Жерар закурил и с минуту молчал, следя за уплывающими в окно струями дыма.

— Все это мне давно известно, — сказал он наконец. — В том и беда, Туха, что искусство по-прежнему оказывает на людей большое влияние… И я просто боюсь думать о том, какие результаты может дать ваше. У меня сейчас одно утешение — что я, очевидно, сдохну раньше, чем смогу увидеть плоды вашей деятельности во всей их красе…

Он поднялся и подозвал мосо, чтобы расплатиться.

— Уходишь? — спросил Туха.

— Да, мне пора. И вот что я тебе скажу: оставляя в стороне личность, вы все — сволочи. Во что вы хотите превратить мир? Мало вам еще нацистских лагерей, мало вам Хиросимы?

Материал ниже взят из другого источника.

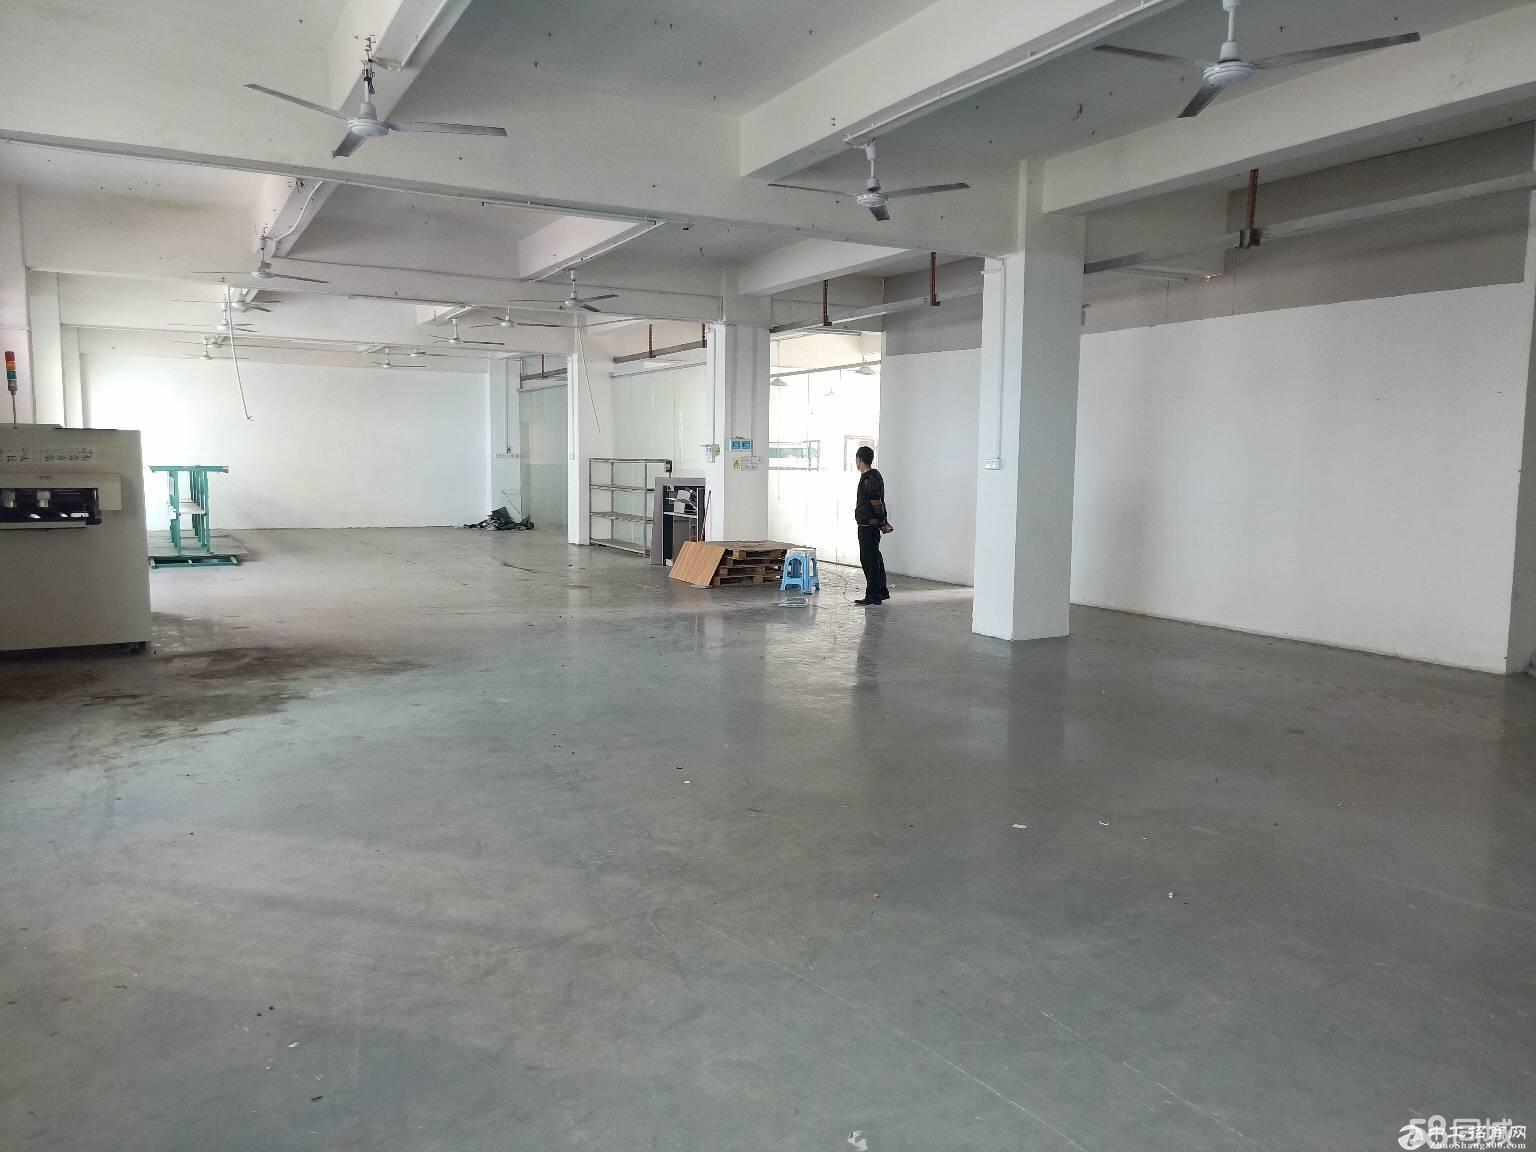 平湖辅城坳工业区新出带装修办公室厂房二楼600平方出租

Он сунул в карман трубку и, не попрощавшись, пошел к выходу.

Не нужно было вообще говорить с Тухой на эту тему, а уж спорить и подавно! У каждого свой вкус. Но почему этот болван решил, что он — Бюиссонье — вообще отрицает все авангардистские течения? Что за бред, черт побери. Как будто Пикассо не авангард, как будто не был авангардистом Ван-Гог, как будто Микеланджело не поносили за неканоничность «Давида»… Истинное искусство всегда творится авангардом — но опять-таки истинным, а не псевдо! Если Сезанн умышленно ломал перспективу, то это не значит, что сегодня любой неуч может объявлять свою мазню «новым словом» — у меня, дескать, тоже все вкривь и вкось…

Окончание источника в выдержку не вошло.